Initial Configuration Steps on Both Clusters
Next, let’s have a look at how this is configured. The initial configuration step, which we spoke about earlier in the lesson, is adding the NetApp SnapVault license. We do that on both clusters, both the Primary and the Secondary. We then need to create our Intercluster LIFs which are used for the replication traffic. We do that on every node on both clusters. We then peer the clusters with a “cluster peer create” command and peer the SVMs with the “vserver peer create” command.
We need to have an SVM created on the SnapVault Secondary system (the destination side) that we can put the destination volume into. We then peer that SVM with the source SVM on the Primary side.
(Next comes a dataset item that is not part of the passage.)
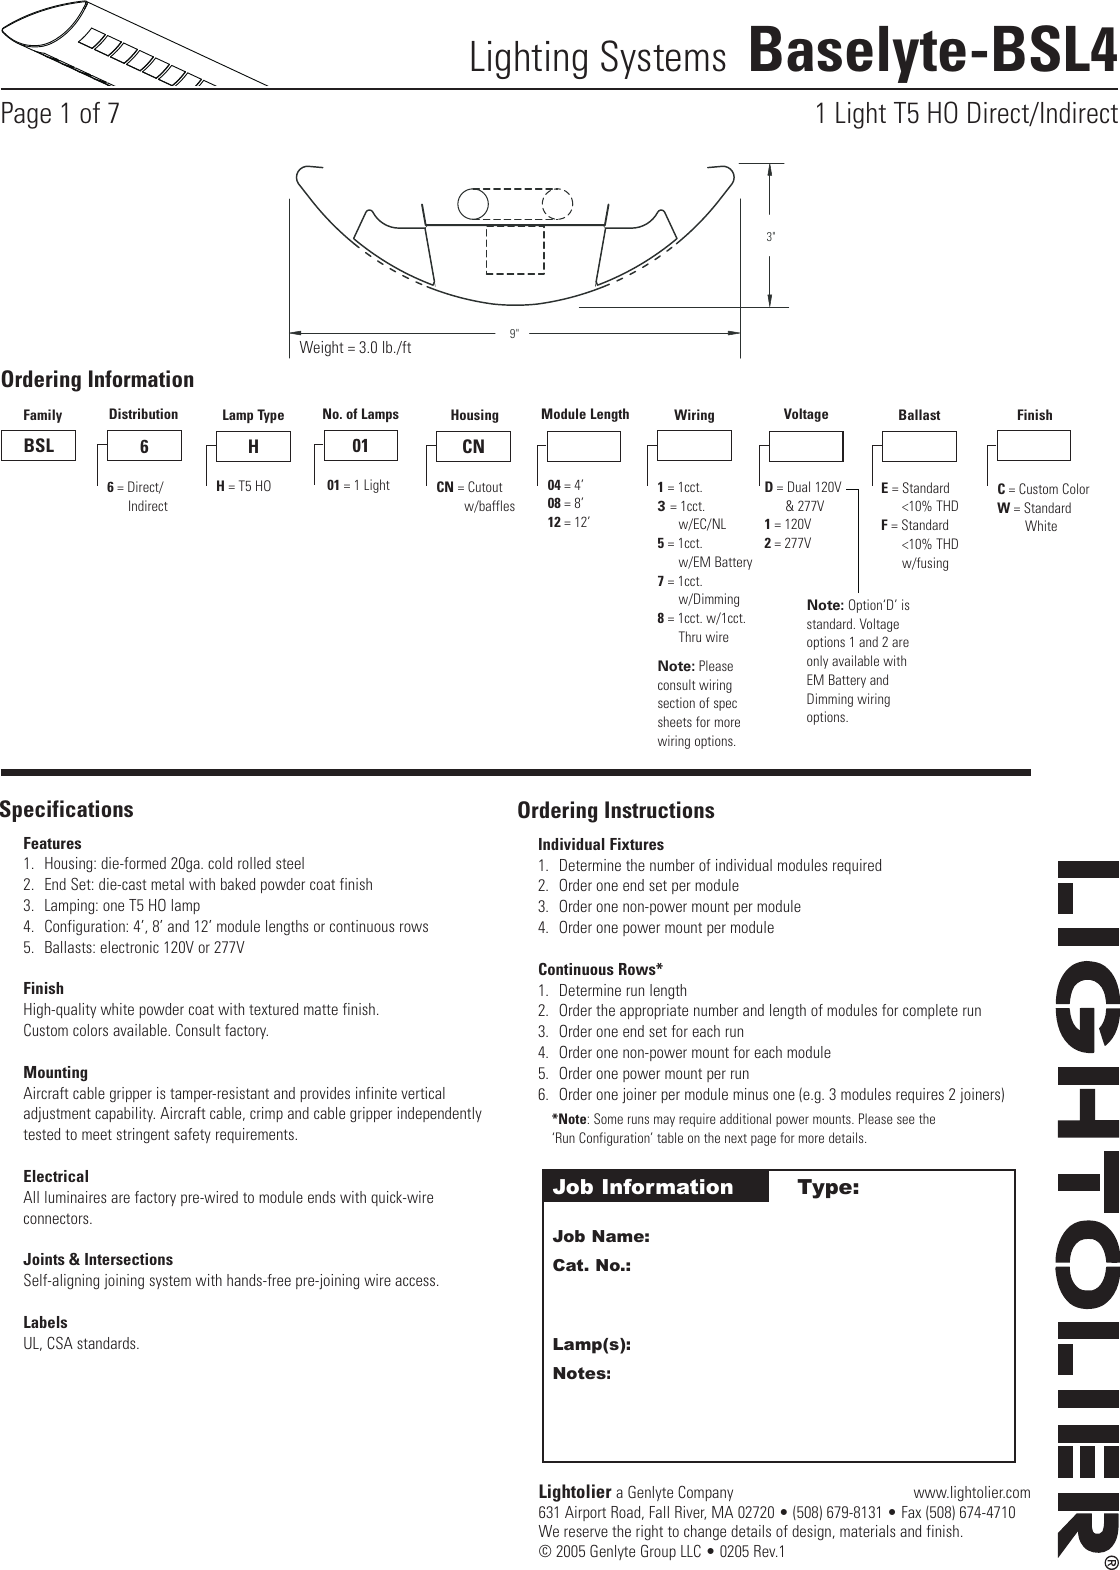 LightolierBaselyteBsl4UsersManual572149.224450269 User Guide Page 1 lightolier baselyte bsl4 users manual

Create Snapshot Policy on Primary Cluster
Next, we create our snapshot policy on the Primary cluster on the source side. We include a SnapMirror label in the policy to control which Snapshots should be pulled to the Secondary.
The command we use here is “snapshot policy create”. We specify the VServer this is for. We give the policy a name. In the example in the diagram I’m going to be backing up vol2, so I’ve got a policy which is specific for it. I’ve called it “vol2”. We must include “-enabled true”, and then I’ve got “-schedule1 hourly”, “-count1”, and “5”. What that means is I’m going to take snapshots based on my hourly schedule and I’m going to retain five of them here on the source volume.
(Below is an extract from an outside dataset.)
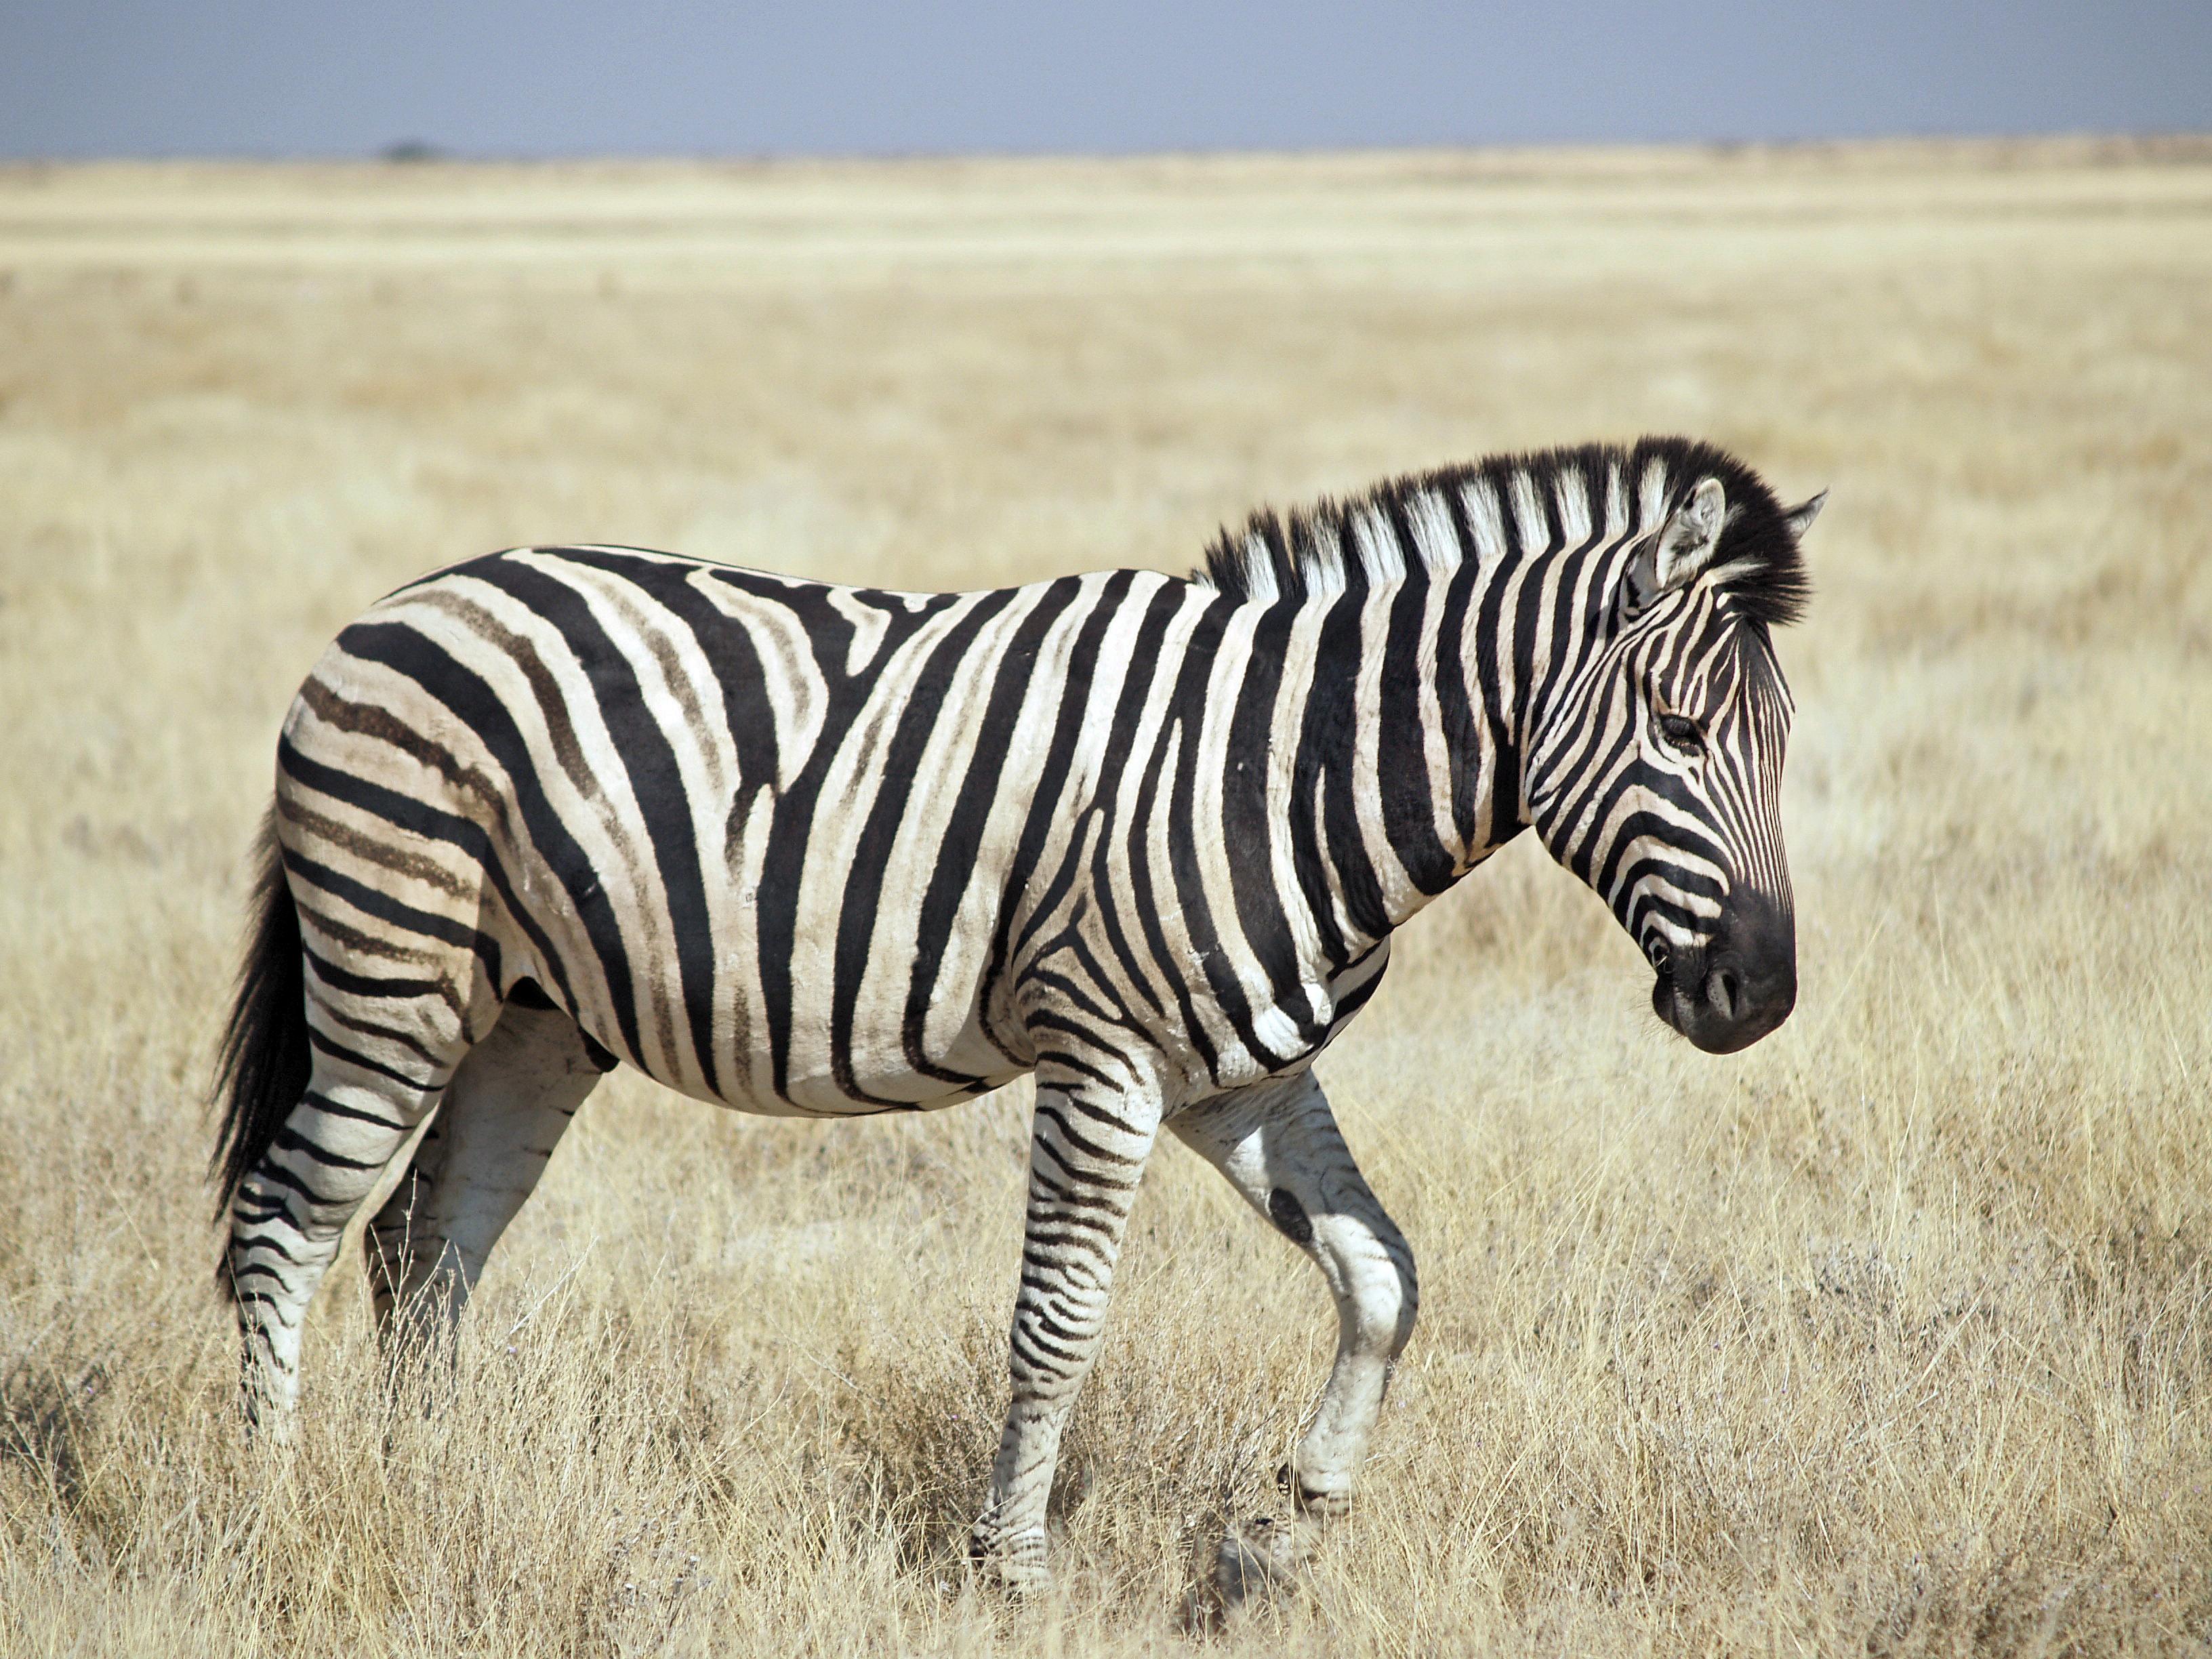 File:Burchell's Zebra (Etosha).jpg - Wikipedia

Then, “-schedule2 daily”, “-count 2”, “5”, and “-snapmirror-label2 daily”. This is saying I’m also going to take snapshots based on the daily schedule. I’m going to retain five of those here on the source volume, and I’m going to put a SnapMirror label on there, specified as “daily”.
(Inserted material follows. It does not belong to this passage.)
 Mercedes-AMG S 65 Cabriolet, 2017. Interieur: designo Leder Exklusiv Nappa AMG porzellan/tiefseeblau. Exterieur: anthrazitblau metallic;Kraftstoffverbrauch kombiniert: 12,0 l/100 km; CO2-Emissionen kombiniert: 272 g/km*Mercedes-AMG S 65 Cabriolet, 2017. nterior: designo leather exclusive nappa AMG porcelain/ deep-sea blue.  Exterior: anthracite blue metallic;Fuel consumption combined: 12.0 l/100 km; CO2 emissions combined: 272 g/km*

I’ve done this because I’m going to be replicating them over to the SnapVault cluster, so I need to put a label on there. I didn’t put a label on the hourly schedule because I’m not going to be replicating that over to the SnapVault Secondary. The SnapVault Secondary is for my long-term backups, so I’m probably not going to want to have hourly Snapshots on there.
Then finally, I’m also taking weekly Snapshots. I have added “-schedule3”, “weekly”, “-count3”, “2”, and “-snapmirror-label3 weekly”, so I’m taking snapshots based on the weekly schedule. I’m going to retain two of them here on the source cluster and put a SnapMirror label on them, which matches the schedule name “weekly”.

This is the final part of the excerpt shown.